DATA SEGMENT
_ _ _ _ _

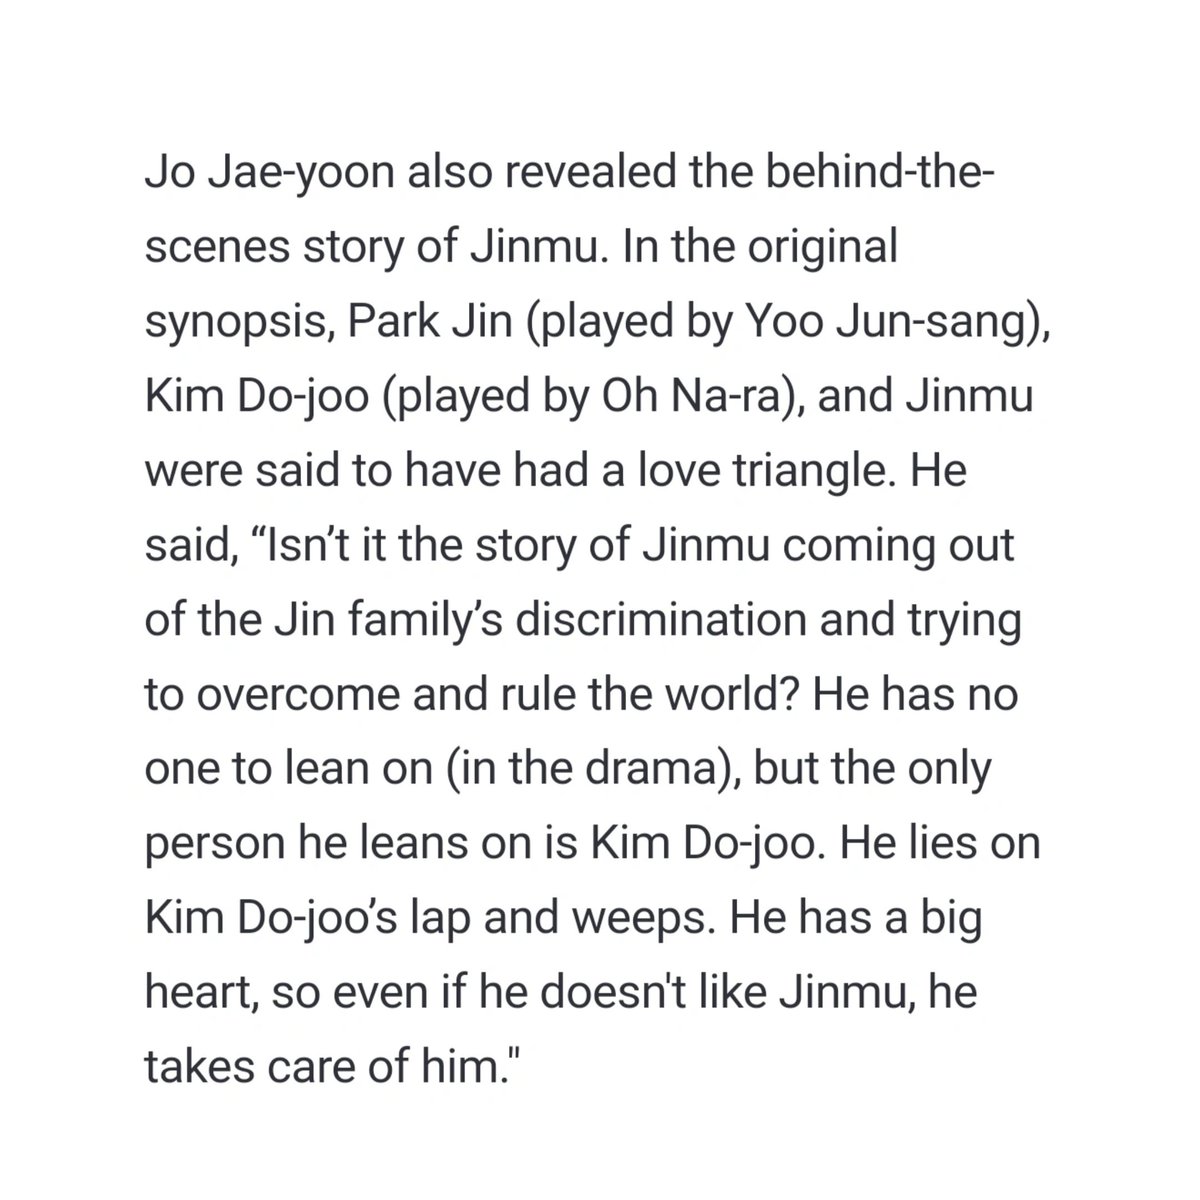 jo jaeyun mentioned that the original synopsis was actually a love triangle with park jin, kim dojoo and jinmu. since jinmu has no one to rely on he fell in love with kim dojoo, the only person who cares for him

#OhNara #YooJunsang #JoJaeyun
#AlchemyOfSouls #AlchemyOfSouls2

_ _ _ _ _

TASK ITEM
Print out the whole listing word for word. Leave the pictures out.

REPLY TO THE TASK
 jo jaeyun mentioned that the original synopsis was actually a love triangle with park jin, kim dojoo and jinmu. since jinmu has no one to rely on he fell in love with kim dojoo, the only person who cares for him

#OhNara #YooJunsang #JoJaeyun
#AlchemyOfSouls #AlchemyOfSouls2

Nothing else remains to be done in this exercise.